_REQUIREMENT:_ Without any of their pictures, return all of the records exactly.

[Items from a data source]

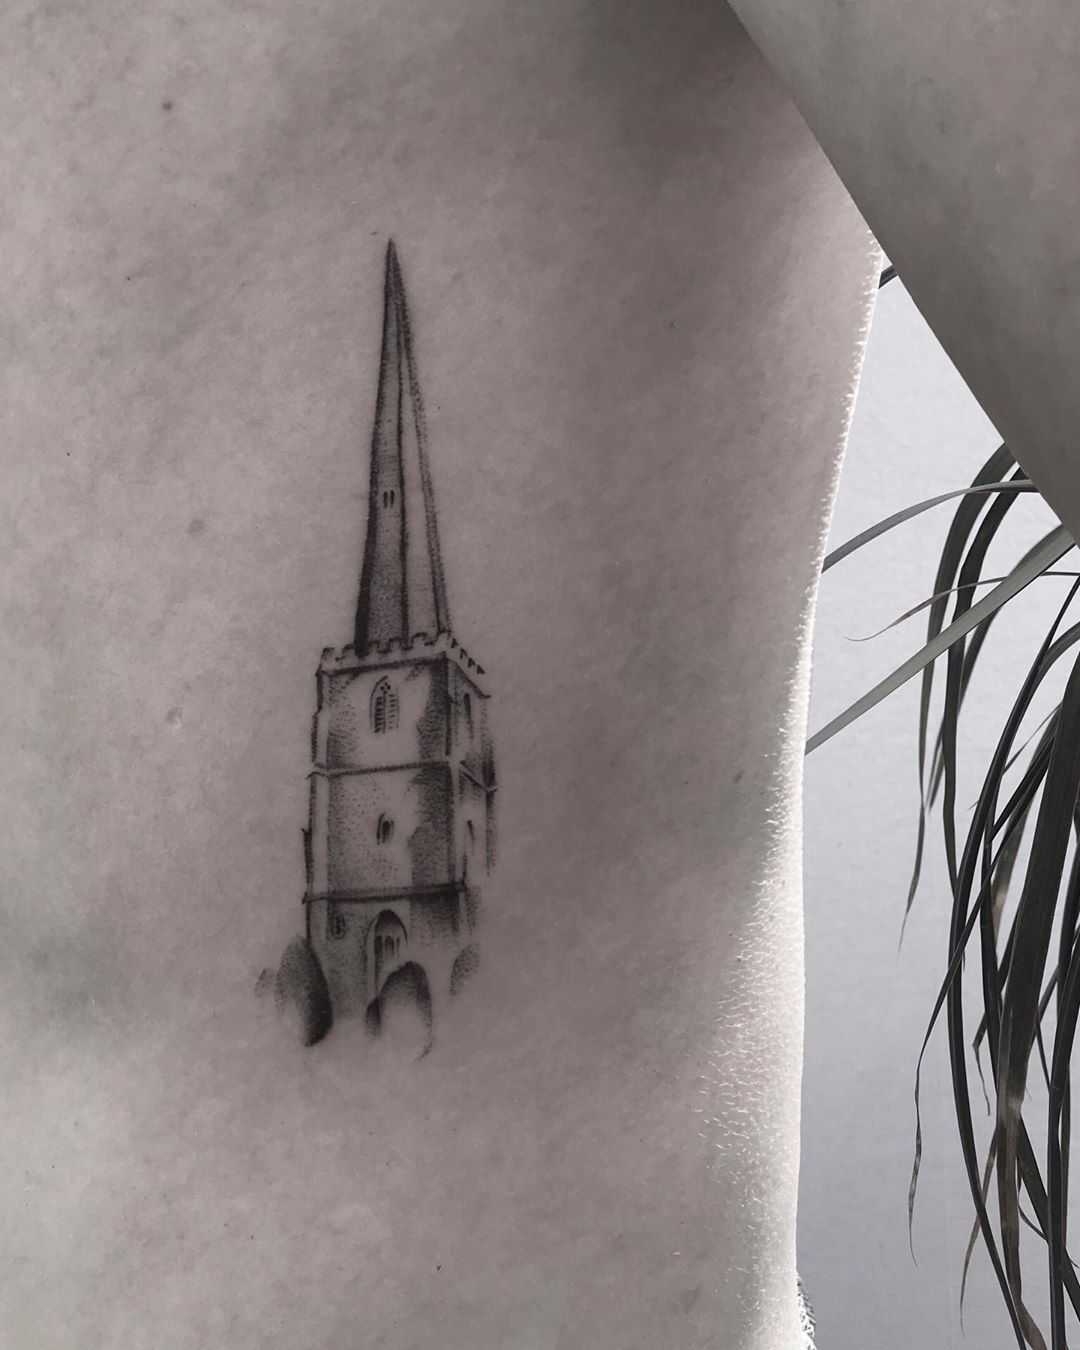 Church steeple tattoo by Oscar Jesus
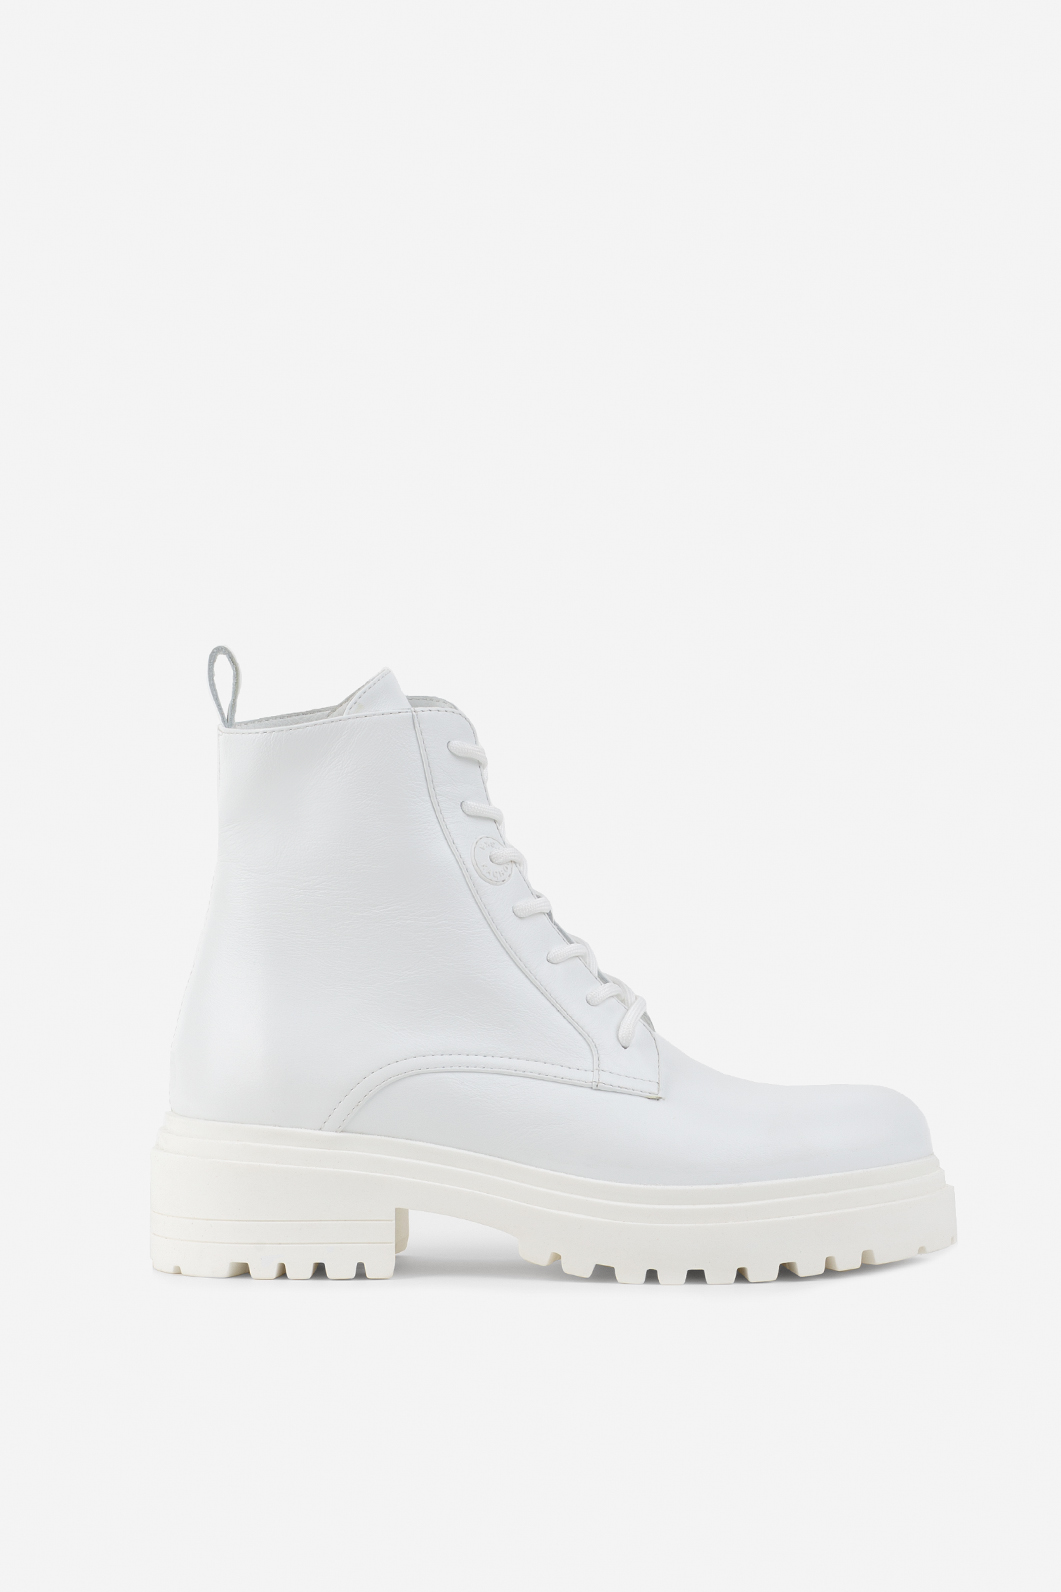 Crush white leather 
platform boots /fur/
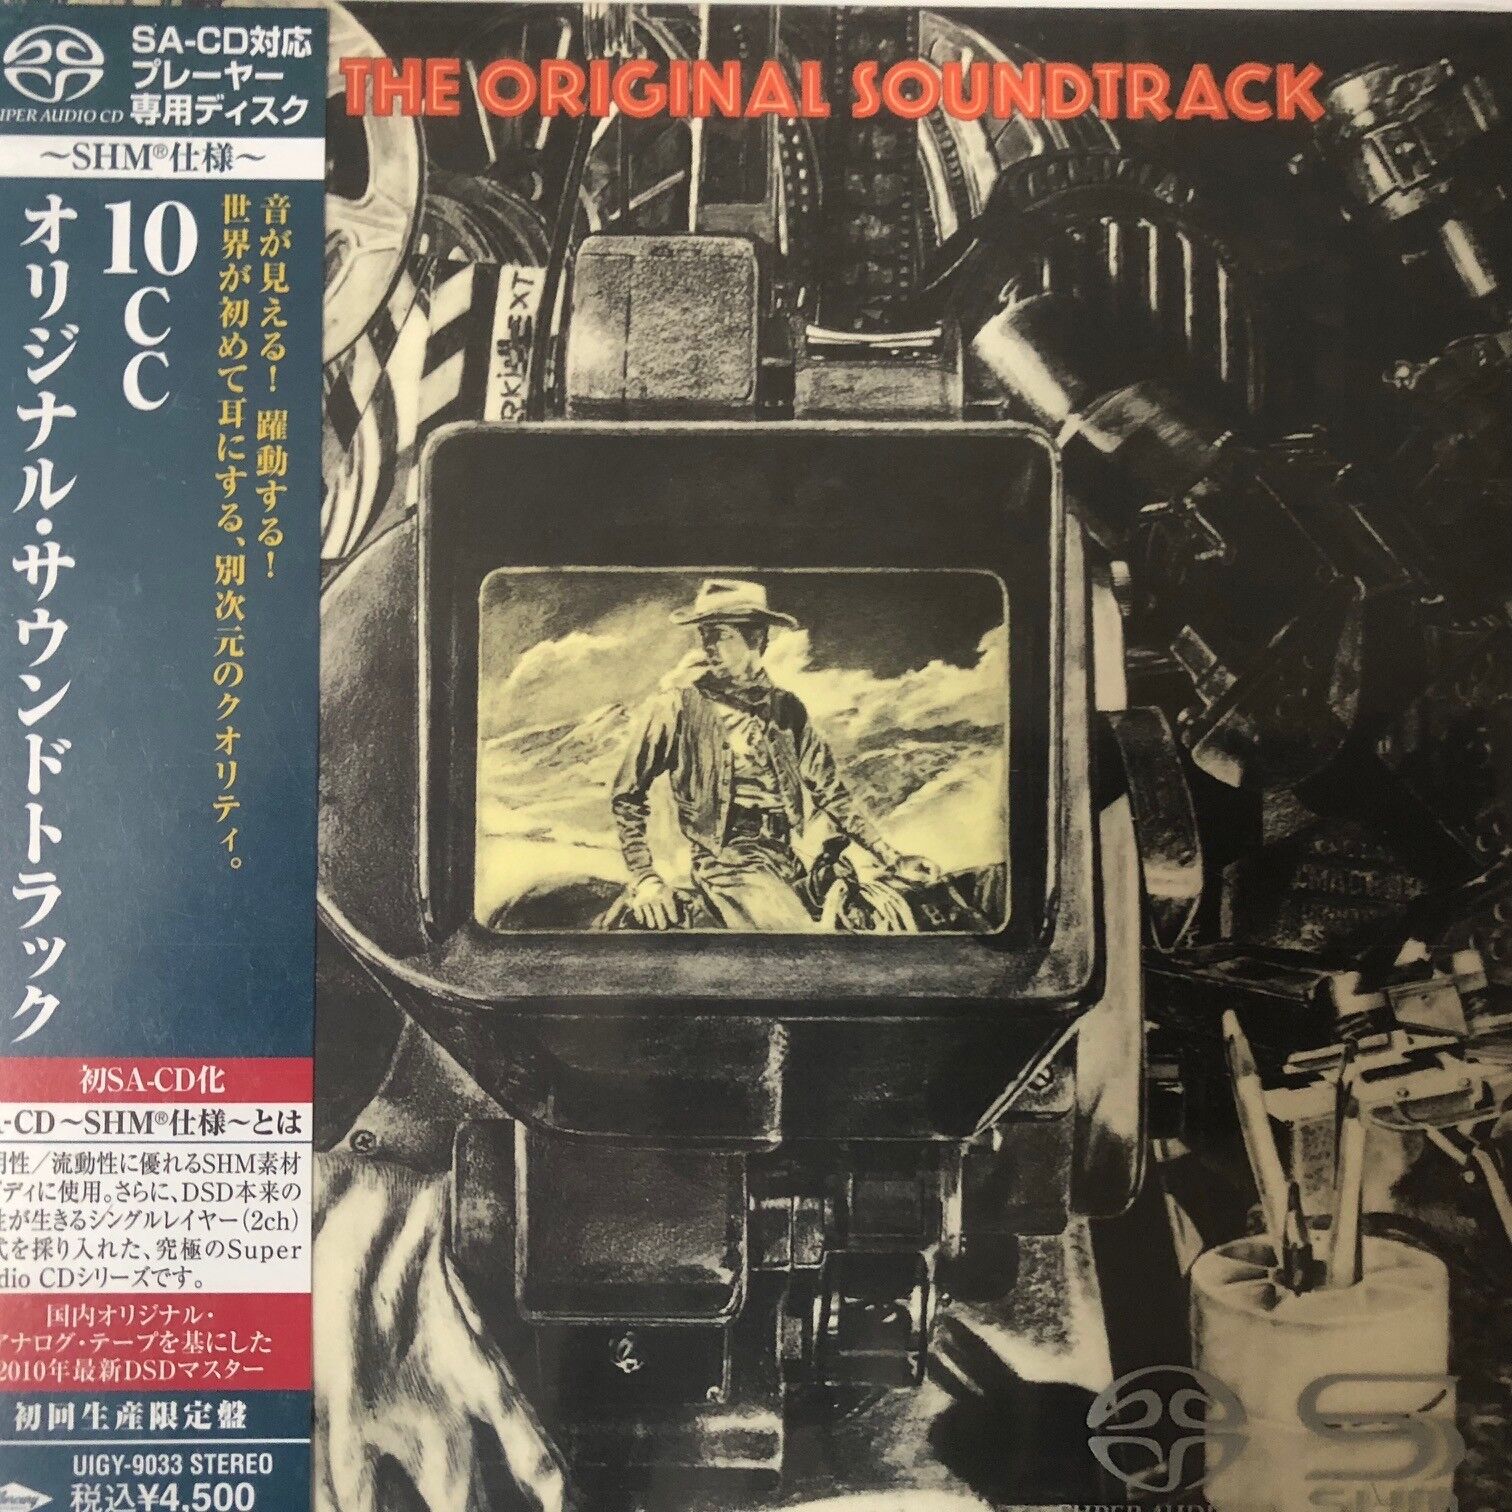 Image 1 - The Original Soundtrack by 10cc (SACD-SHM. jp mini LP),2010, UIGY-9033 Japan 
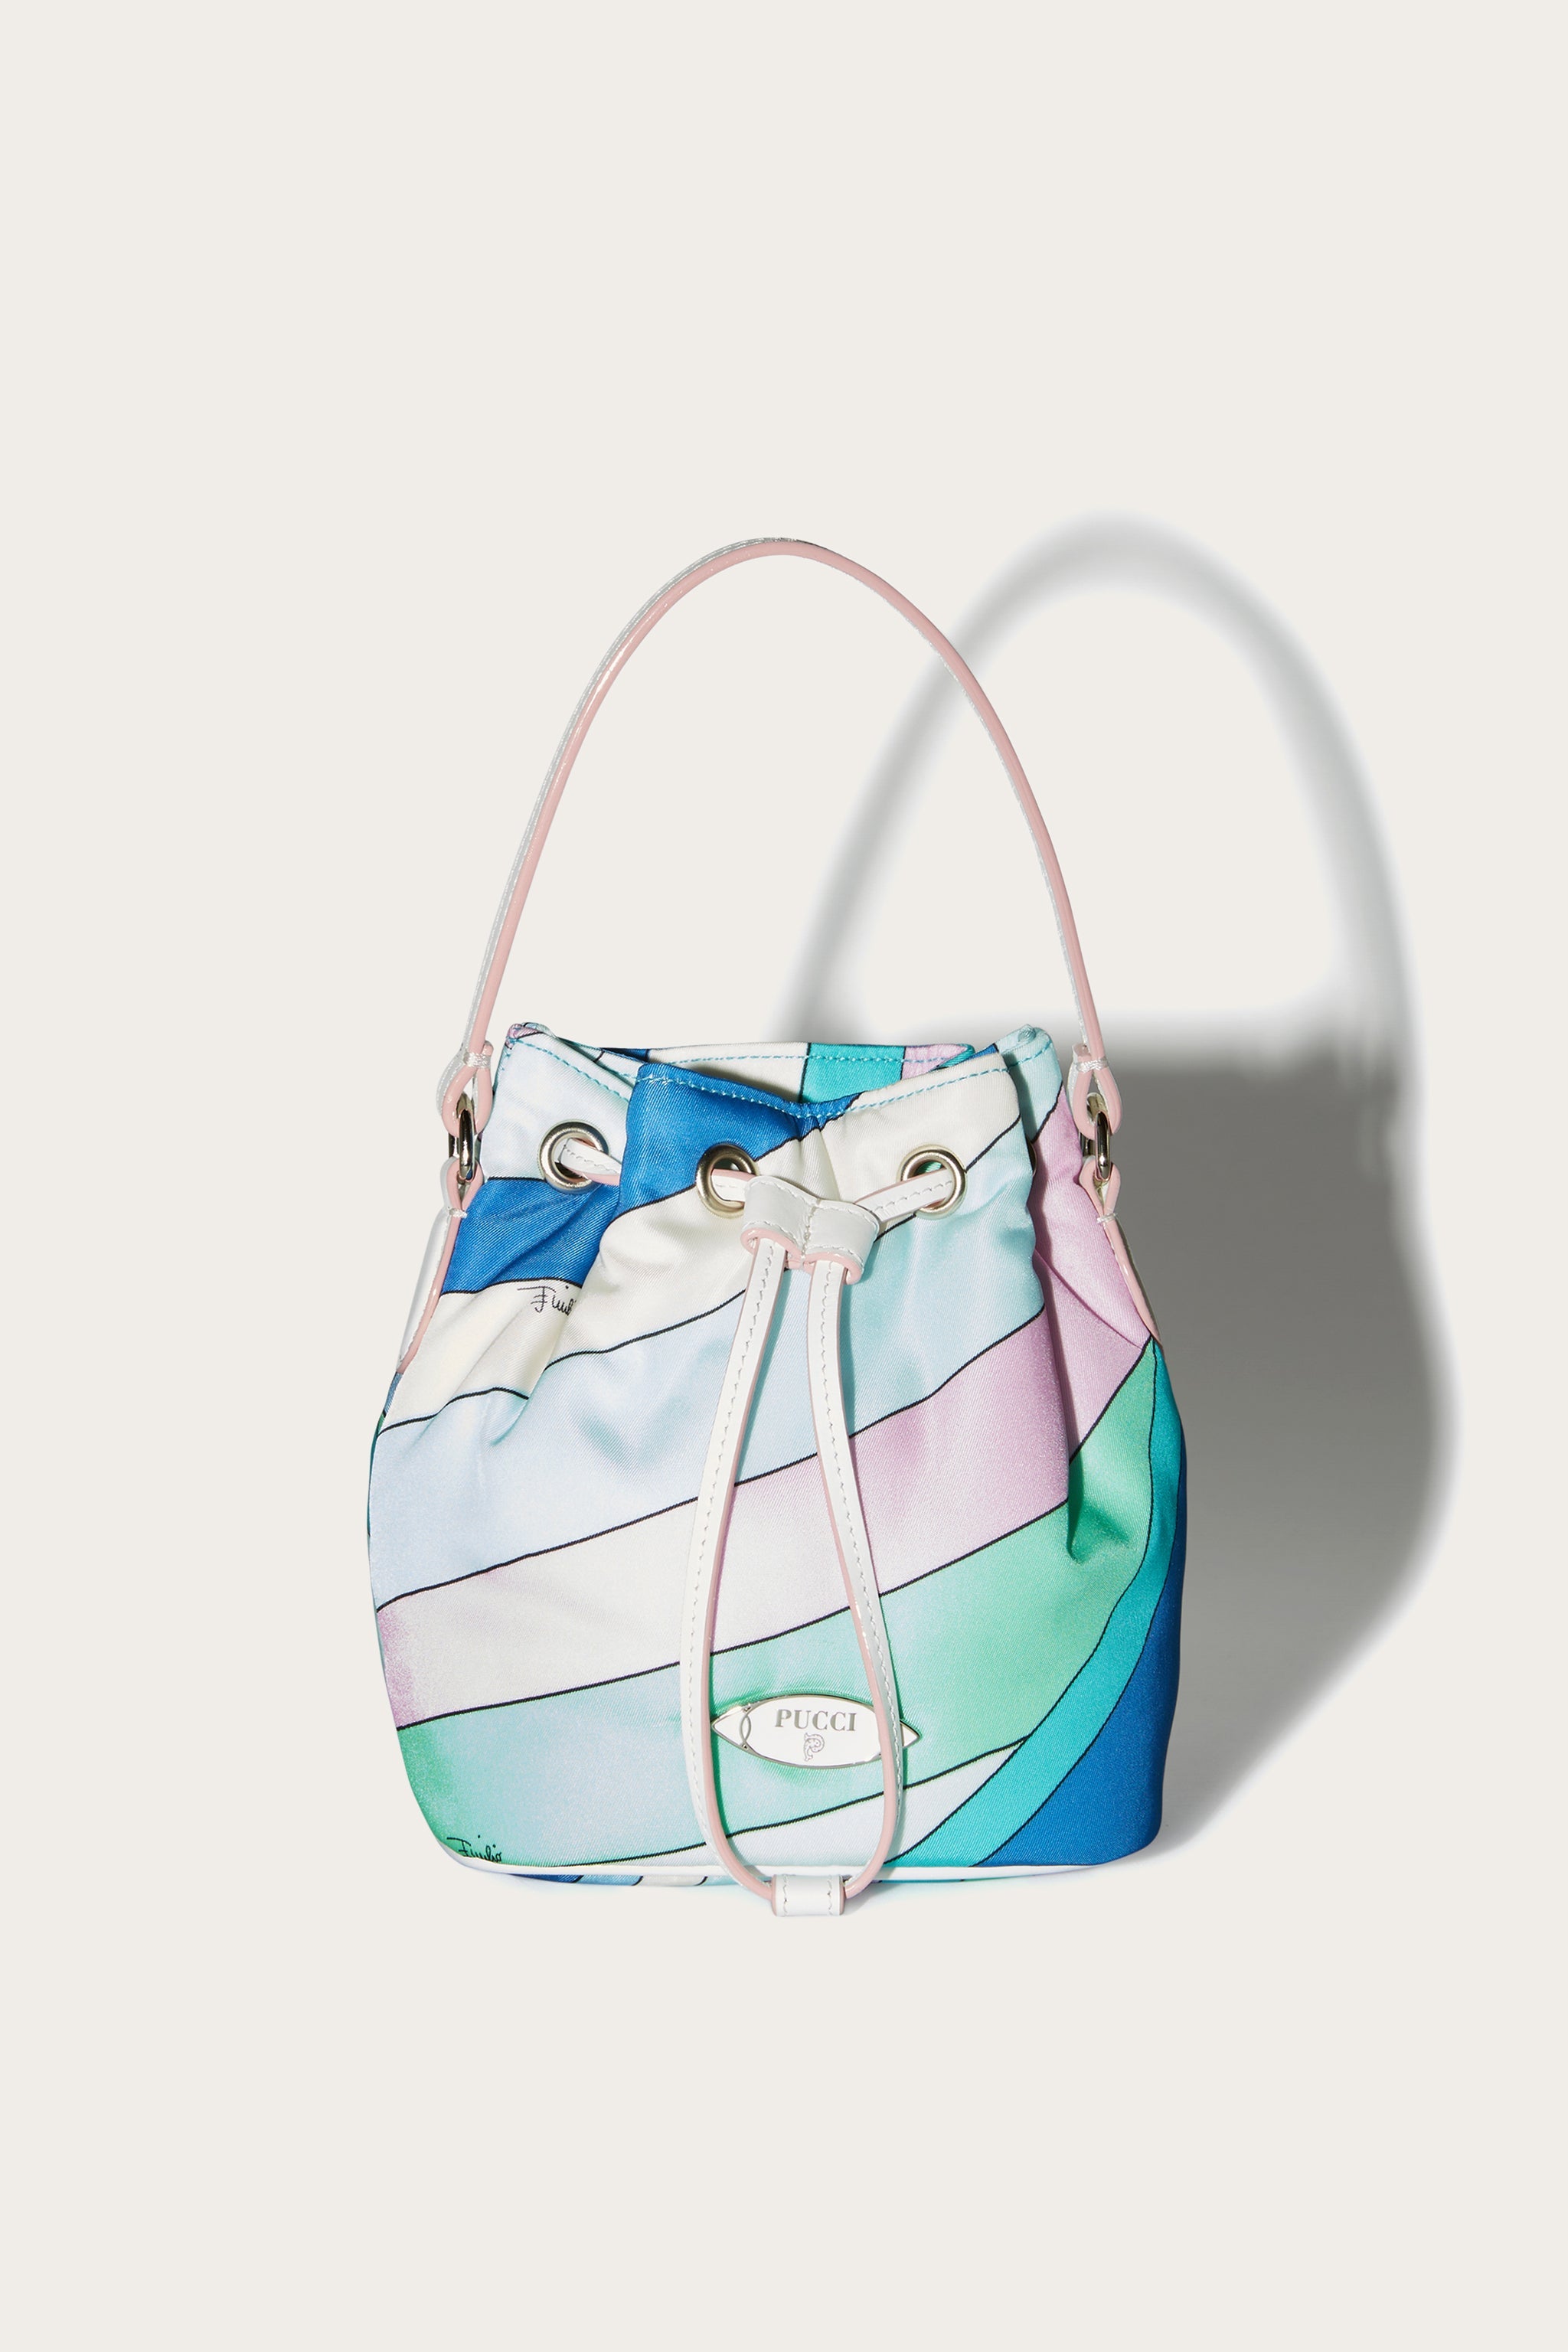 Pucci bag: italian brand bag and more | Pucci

_OUTPUT BELOW:_
 Church steeple tattoo by Oscar Jesus
 Crush white leather 
platform boots /fur/
 Image 1 - The Original Soundtrack by 10cc (SACD-SHM. jp mini LP),2010, UIGY-9033 Japan 
 Pucci bag: italian brand bag and more | Pucci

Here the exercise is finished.